In suspense thrillers the hero often knows less than the spectator, or the criminals and the police, about the enigma and through most of the narrative he is frustrated in his attempts to establish any mastery over the disruptions it engenders. Sometimes there is uncertainty as to whether a resolution is possible at all; ‘tough’ controlled masculinity becomes an ideal which is unattainable or difficult to achieve and maintain. Krutnik takes this further, arguing that ‘the hero’s quest for self definition may serve as a cover story for the articulation of fantasies which are less easily sanctioned and consolidated within conventional codifications of the masculine.’ (Krutnik: p.132)

In Out Of The Past (1947) Jeff Markham (Robert Mitchum) is an ‘hard-boiled’ private eye who is hired by racketeer Whit Sterling (Kirk Douglas) to retrieve his mistress Kathie Moffett (Jane Greer), who has shot and wounded him and absconded with a large sum of money. Jeff subsequently finds and falls in love with Kathie and they go into hiding. Sterling’s ex-partner discovers and tries to blackmail them but Kathie kills him and leaves Jeff to deal with the aftermath. Jeff adopts a new identity as a small town garage owner but is spotted and summoned to see Sterling, where he finds he and Kathie are together again. Whit offers to forget about the past if Jeff does another job for him, but it turns out this is a device to frame him for the murder of Sterling’s lawyer, and it ends with Kathie shooting both Sterling and Jeff, before she herself is killed by the police.

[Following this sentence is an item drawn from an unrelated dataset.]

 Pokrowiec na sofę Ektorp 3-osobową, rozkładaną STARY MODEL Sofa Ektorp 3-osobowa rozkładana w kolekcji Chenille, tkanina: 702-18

Out Of The Past has an archetypal ‘tough’ protagonist but in contrast to, say, The Big Sleep, there are more narrative themes and the relationships between characters are drawn in greater detail, and open to more interpretation. Krutnik contends that although Kathie disrupts Jeff’s attempt to achieve a position of mastery and knowledge, the underlying cause of the disruption is the unstable nature of masculine identity and sexuality and the tensions and contradictions that creates. (Krutnik: p.113) Jeff’s masochistic obsession for Kathie causes him to ignore his responsibilities as detective and to underestimate her double-dealing and ruthlessness, ultimately leading to his downfall and death. This film has many elements of male melodrama: Tim Dirks describes it as ‘one of the greatest multi-layered film noirs of all time’ and ‘a definitive flashback film of melodramatic doom’. (Greatest Films website: entry on Out of the Past)

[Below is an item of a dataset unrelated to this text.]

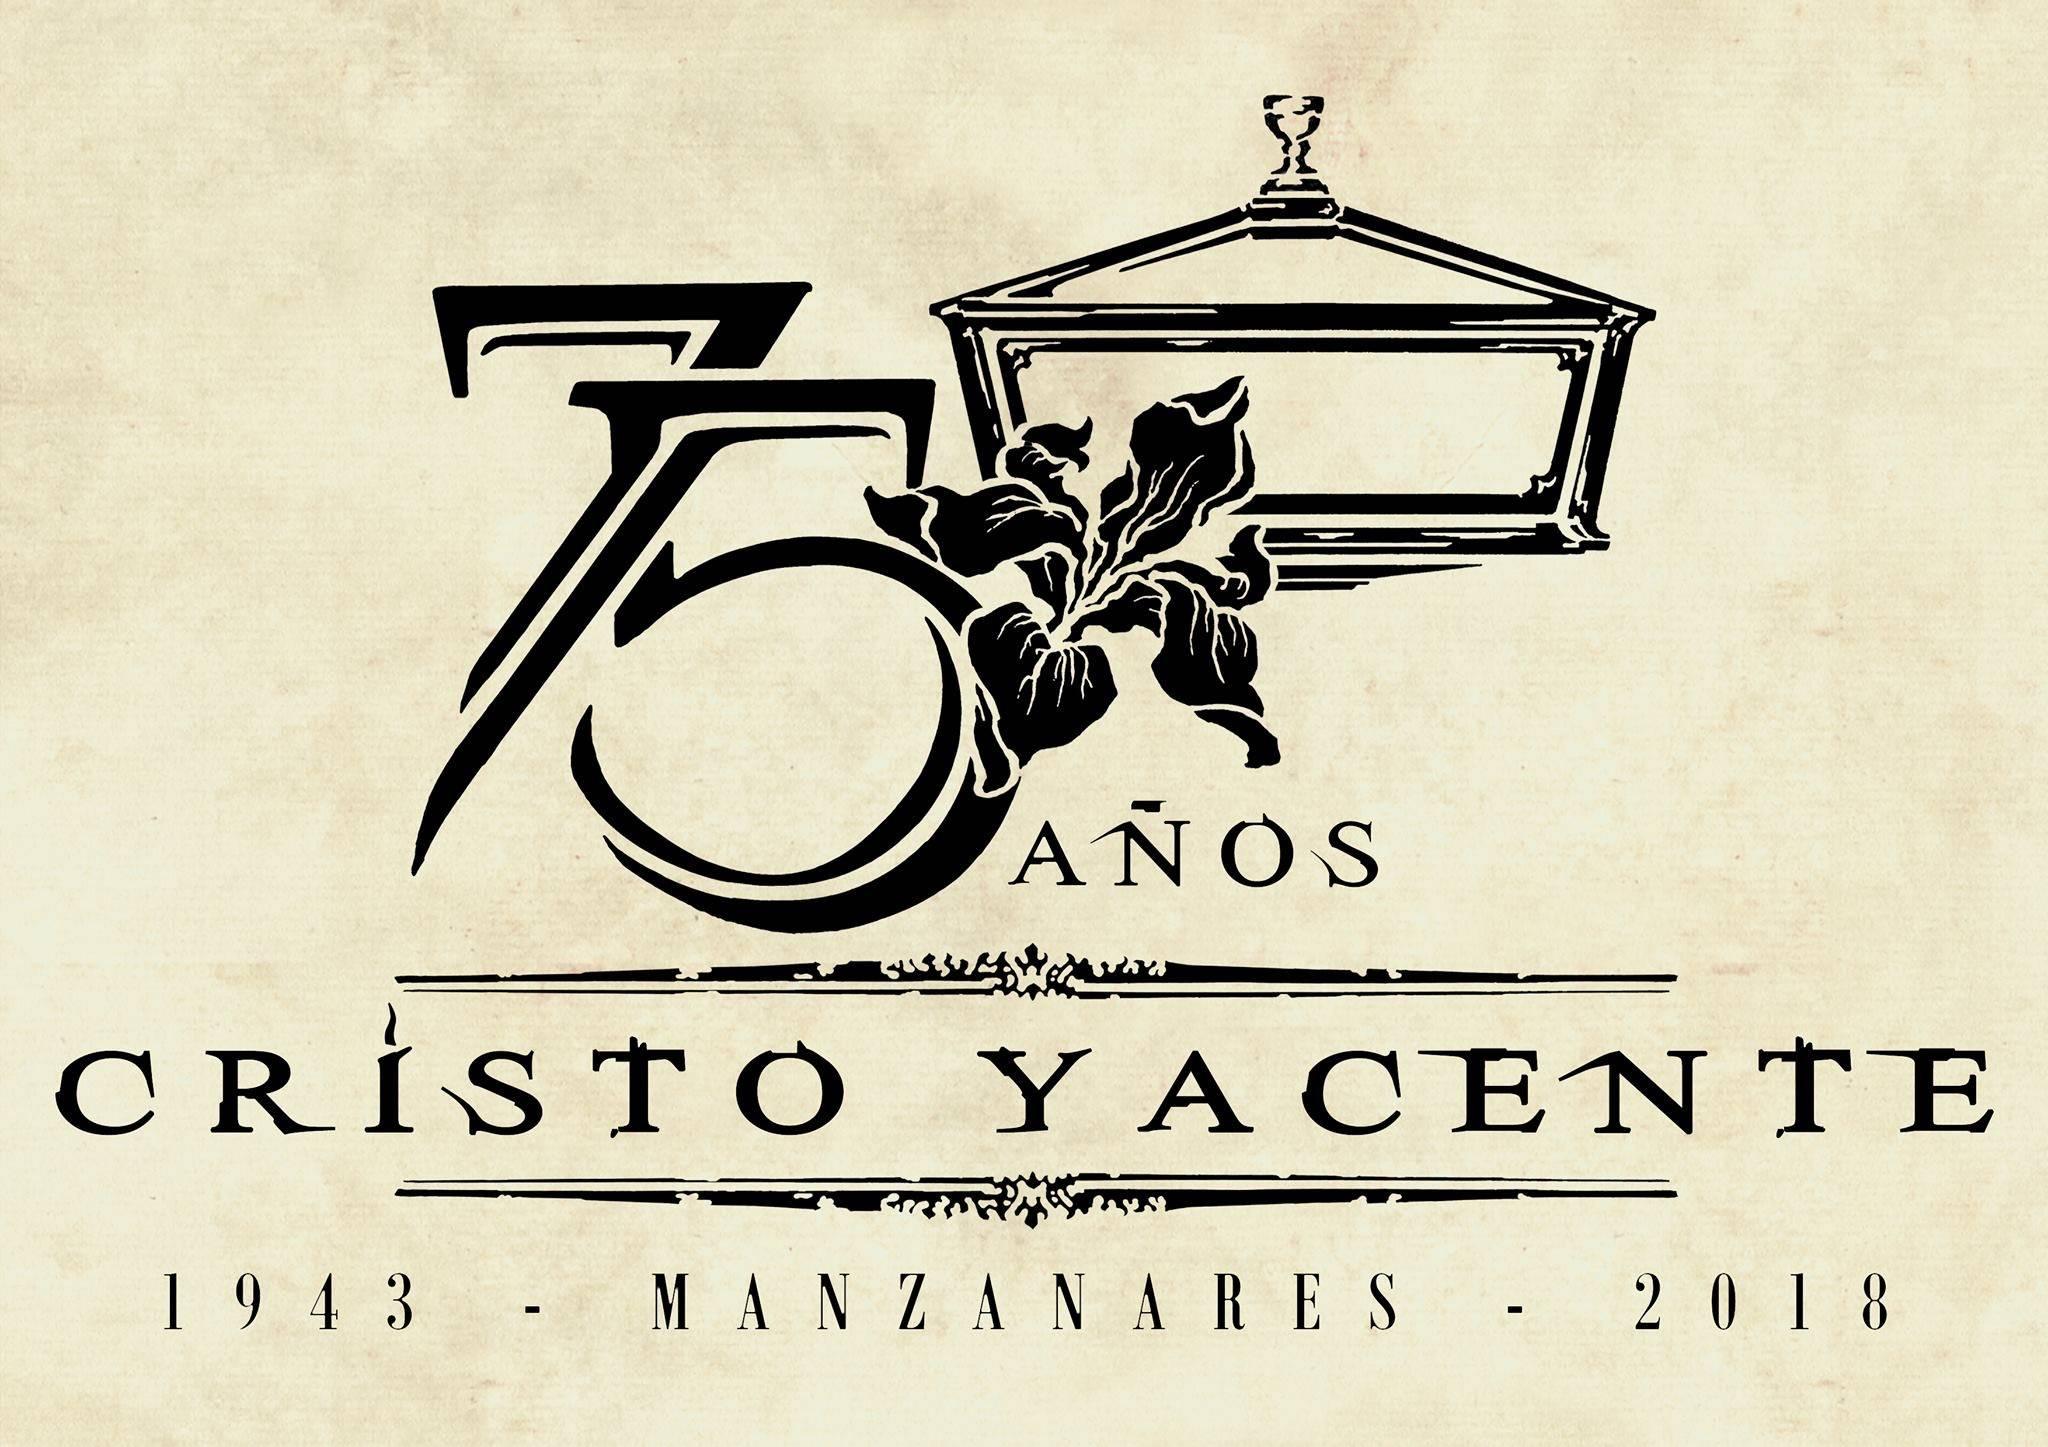 Rafael Garrigós realiza el logo conmemorativo del 75 aniversario del Cristo Yacente de Manzanares 3

In the criminal adventure thriller the hero, usually aided by a woman, becomes engaged in either a wilful or accidental transgression of the law, and has to face the consequences – examples include The Postman Always Rings Twice, The Lady from Shanghai, The Killers and Double Indemnity.

In Double Indemnity (1944) an insurance salesman Walter Neff (Fred MacMurray) and Phyllis Dietrichson (Barbara Stanwyck), a glamorous, shrewd and predatory housewife, plot the brutal murder of her husband to collect substantial accident insurance they have jointly arranged. But the suspicions of claims adjuster Keyes (Edward G Robinson) puts strains on their relationship and both plan double-crosses, which leads to them shooting each other in a memorable final scene set in a classic noir darkened room setting.

Parker Tyler sees the film as a fragmentation of male identity. (as described by Jonathan Buchsbaum in Cameron: pp.90-92.) Neff’s entire manner before the murder is one of sexual confidence and potency, yet afterwards he makes every effort to avoid Phyllis. Tyler’s view is that Neff’s fear of Keyes, which leads him to falter and abandon the scheme, is not justified by evidence from the plot. Neff knows his business and has every reason to think that his story and alibi are strong. Tyler says it must be driven by a need to prove the absence of passive homosexuality, resulting from Keyes sensing Neff’s difficulty with women and his associated invitation for Neff to change jobs and join him in his office. Neff’s sexual bravado is a façade, and ultimately he must turn on Phyllis in the fear that she will expose his sexual inadequacy. This is reinforced by Neff’s courting of the stepdaughter Lola, who represents a complete opposite to Phyllis, offering Neff an idealised glimpse of a romantic relationship unspoilt by the demands of sexuality.

So Double Indemnity has a mixed-up male protagonist whose passion for a provocative and dangerous woman destroys his previously well-ordered mundane life and propels him into a maze of crime and punishment. Stanwyck’s character broke new ground; as Hirsch reports: ‘her performance created a sensation, never before in American films had a female character been presented as so devoid of softening, feminine touches, and never before had death and sex been linked so explicitly and powerfully.’ (Hirsch: p.7)) As Hirsh also notes, some of the most effective noirs, perhaps the darkest and most unsettling, involve protagonists who are not tough detectives or hardened criminals but ‘steady likeable fellows who happen to be in the wrong place at the wrong time, tricked by a twist of fate, seduced by the promise of sex or the chance to make quick illegal money’ (Hirsch: p.12) In effect, Neff gets trapped in a situation of his own making and this exposes aspects of his personality and sexuality which, while not manifest in the narrative, are just under the surface and easily accessible to the spectator. This is definitely a form of male melodrama.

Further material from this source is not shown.